Hal lain yang patut disyukuri adalah adanya prakarsa aktif dari pendamping dan perempuan korban untuk memorialisasi situs pelanggaran HAM masa lalu. Melihat kondisi Negara dalam pemenuhan hak warga negara dalam konteks pelanggaran HAM masa lalu, Komnas Perempuan bersama pendamping dan korban pelanggaran HAM masa lalu berinisiatif melakukan memorialisasi situs pelanggaran HAM masa lalu untuk tujuan pengakuan, pengungkapan kebenaran dan pemulihan korban yang belum banyak dilakukan oleh negara.

Di Tugu Tragedi Mei 1998, TPU Selapajang Jaya, kota Tangerang. Tugu ini merupakan inisiatif dari Pemko Tangerang

Beberapa situs yang dimemorialisasi, antara lain di Jakarta: Penjara Bukit Duri, Makam Massal Korban Mei 1998 di TPU Pondok Ranggon, TPU Tanjung Priok; di Tangerang: TPU Selapajang Jaya; di Jawa Tengah: Plantungan dan Makam Massal Korban Tragedi Mei 1998 TPU Purwoloyo, Solo; Yogyakarta: Gedung Jeffersson dan Benteng Venderburg.

Komnas Perempuan mendistribusikan pengetahuan mengenai memorialisasi dalam konteks pelanggaran HAM masa lalu, melalui Kampanye Mari Bicara Kebenaran. Bersama komunitas korban pelanggaran HAM masa lalu dan organisasi pendampingnya, di Solo, Yogyakarta dan DKI Jakarta Komnas Perempuan mengembangkan diskusi dan upaya-upaya lainnya untuk merawat ingatan atas sejumlah peristiwa pelanggaran HAM masa lalu yang tidak boleh lagi berulang, diantaranya Peristiwa 65 dan Tragedi Mei 98.

Catatan penting lainnya adalah  suara Komnas Perempuan didengar Istana. Setelah lobby dan kampanye sana-sini, rekomendasi Komnas Perempuan kepada presiden tentang penangguhanhukuman mati Merry Utami didengar. Pemantauan Komnas Perempuan terhadap Merry Utami, menunjukkan bahwa Merry Utami merupakan korban sindikat narkoba internasional yang menargetkan buruh migran perempuan yang rentan. Kasus Merry Utami seperti pula kasus Mary Jane, setahun sebelumnya yang juga diancam dengan hukuman mati.

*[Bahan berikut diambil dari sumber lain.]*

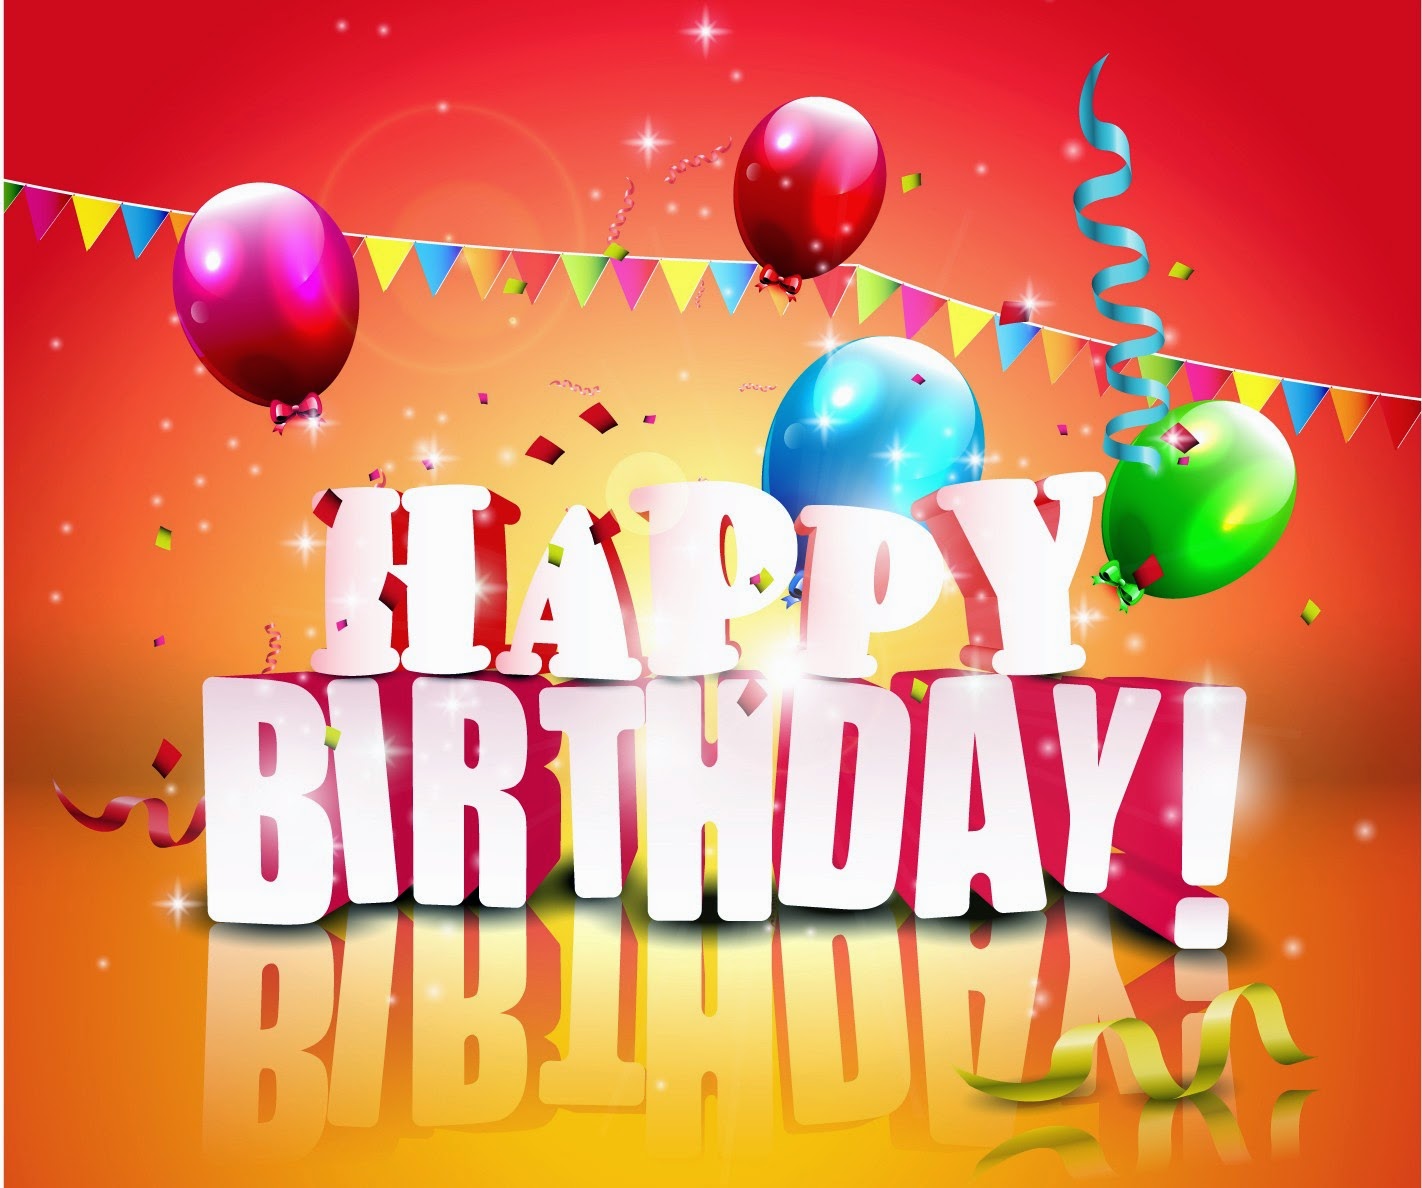 birthday-greeting-cards-ecards-wishes-5-jpg-1422-1188-free-birthday

Sebagai bentuk konkrit komitmen Komnas Perempuan dalam upaya penghapusan hukuman mati, dua tahun terakhir Komnas Perempuan melakukan pemantauan mengenai dampak hukuman mati terhadap Perempuan Pekerja Migran dan Keluarganya. Pemantauan ini bertujuan untuk mengumpulkan fakta tentang situasi yang dialami oleh perempuan pekerja migran yang terancam hukuman mati dan keluarganya. Selain itu, pemantuan ini juga menelisik bagaimana situasi pemenuhan dan pelanggaran HAM yang dialami oleh mereka, baik pola dan bentuk serta kekerasan berbasis gender yang dihadapi. Terhadap temuan-temuan yang didapat, Komnas Perempuan melakukan analisis berbasis HAM dan gender. 

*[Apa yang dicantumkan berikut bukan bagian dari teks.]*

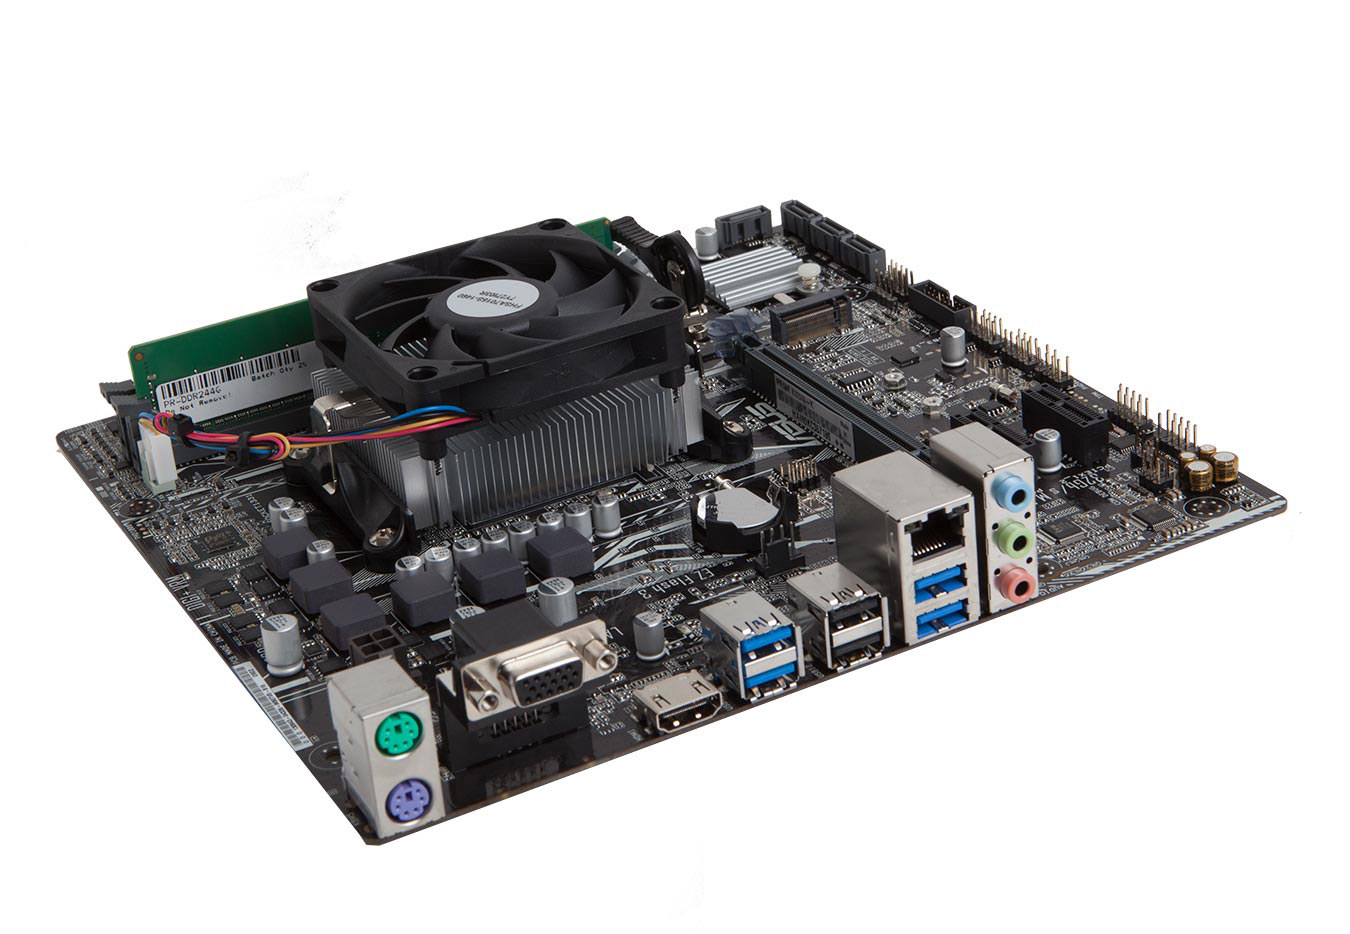 Novatech AMD A8 9600 Motherboard Bundle

Tiga belas Perempuan Pekerja Migran Terpidana Mati dan Keluarganya menjadi narasumber dalam pemantauan ini.  Mereka terlibat tindak pidana pembunuhan di Arab Saudi dan  kejahatan narkoba di Indonesia dan China.

Raihan lainnya adalah diskursus tentang isu-isu perempuan semakin sering dibicarakan di kampus-kampus. Permohonan dari kampus ke Komnas Perempuan untuk kunjungan lapangan,  diskusi, maupun magang semakin meningkat. Selain meningkat, disiplin ilmu yang mengangkat isu perempuan juga semakin beragam. Disiplin ilmu yang selama ini jarang mengangkat isu kekerasan terhadap perempuan, mulai mewacanakan hal tersebut. 

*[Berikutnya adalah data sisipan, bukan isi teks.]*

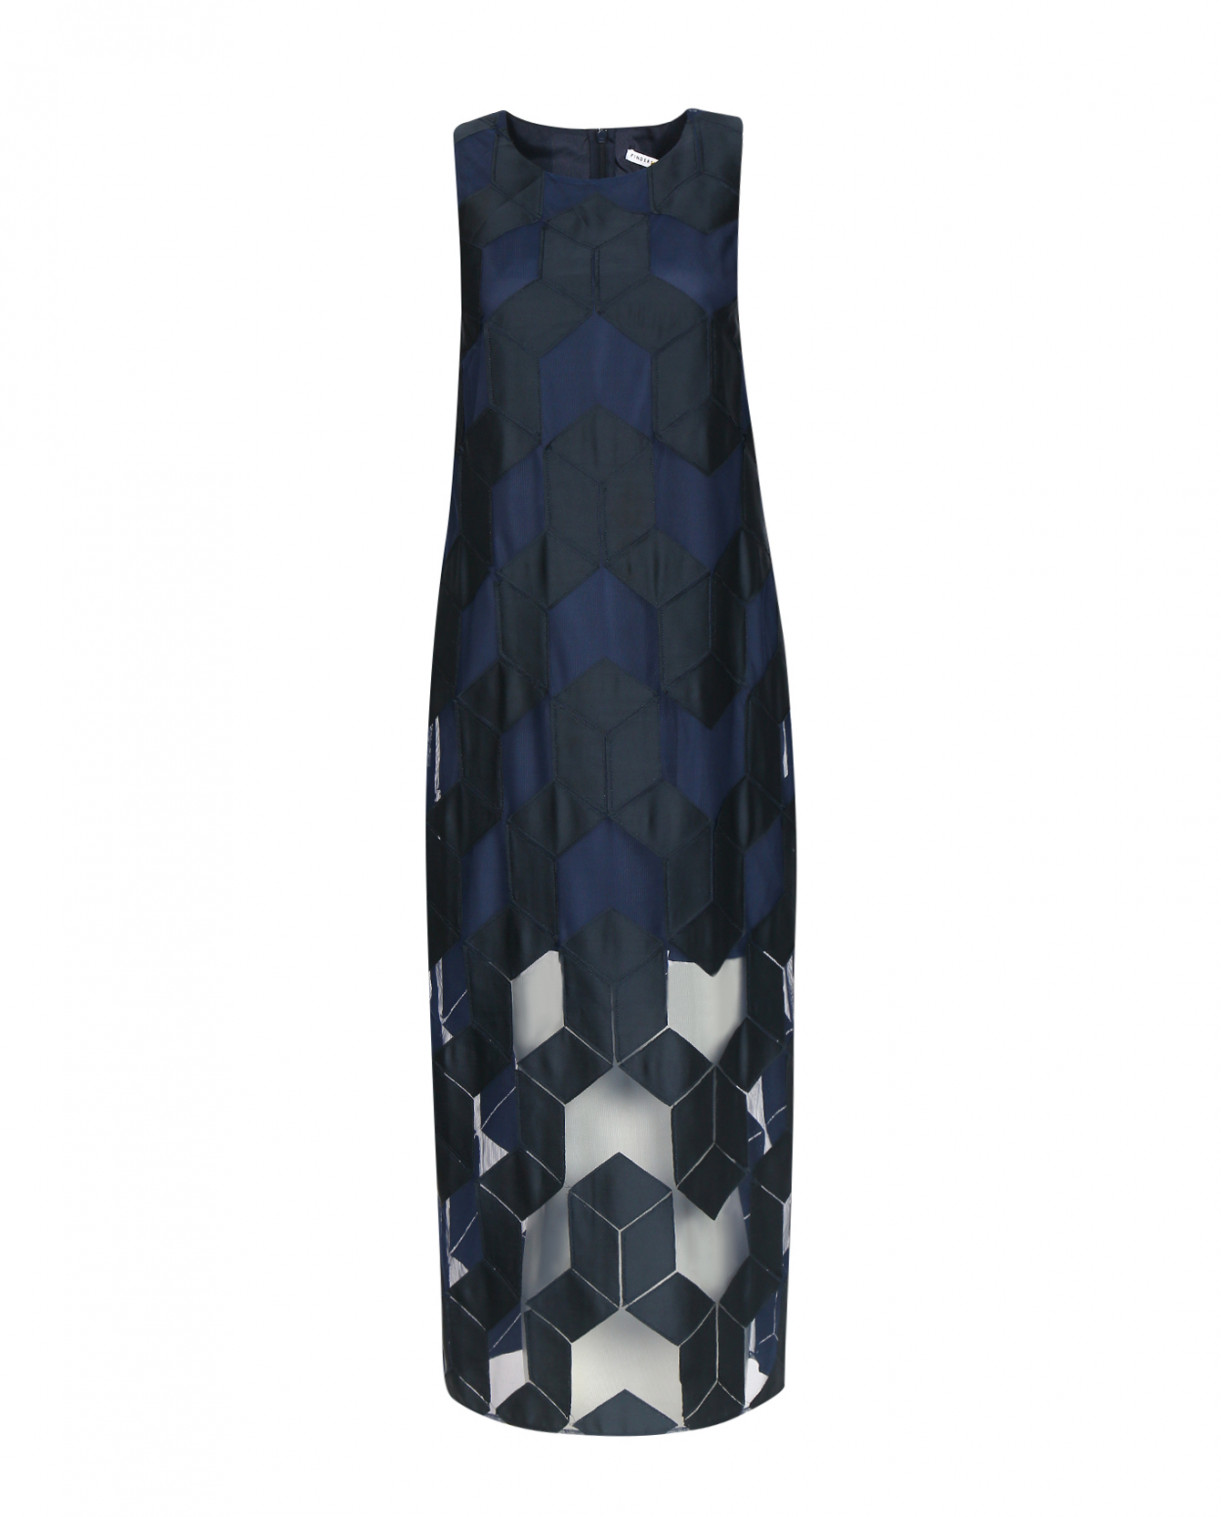 Платье-миди без рукавов с геометрическим узором Finders Keepers  –  Общий вид  – Цвет:  Синий

Komnas Perempuan kedatangan teman-teman dari kampus LSPR Jakarta

Untuk magang, Komnas Perempuan membuka kesempatan seluas-luasnya bagi mahasiswa yang ingin terjun dan menjadi bagian dari penghapusan kekerasan terhadap perempuan. Di Komnas Perempuan, kami percaya bahwa nasib bangsa ini ada di tangan anak magang. Selama 2016, Komnas Perempuan menerima peserta magang dari berbagai latar belakang disiplin ilmu, antara lain kepasturan, hubungan internasional, komunikasi, ilmu politik, kesejahteraan sosial, kriminologi, sosiologi dan filsafat. 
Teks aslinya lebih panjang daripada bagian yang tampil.